Instructions to follow: The material below holds a span beginning at the line with "Bettina Mayr im" and ending at the line with "Pink Hydrangea Flower". Quote that span exactly, both ends included, and only that span.

Records:
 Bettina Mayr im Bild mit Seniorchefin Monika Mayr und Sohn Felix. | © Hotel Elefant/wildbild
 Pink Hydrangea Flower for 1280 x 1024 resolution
...
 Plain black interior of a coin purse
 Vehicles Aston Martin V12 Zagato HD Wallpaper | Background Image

Exercise response:
 Bettina Mayr im Bild mit Seniorchefin Monika Mayr und Sohn Felix. | © Hotel Elefant/wildbild
 Pink Hydrangea Flower for 1280 x 1024 resolution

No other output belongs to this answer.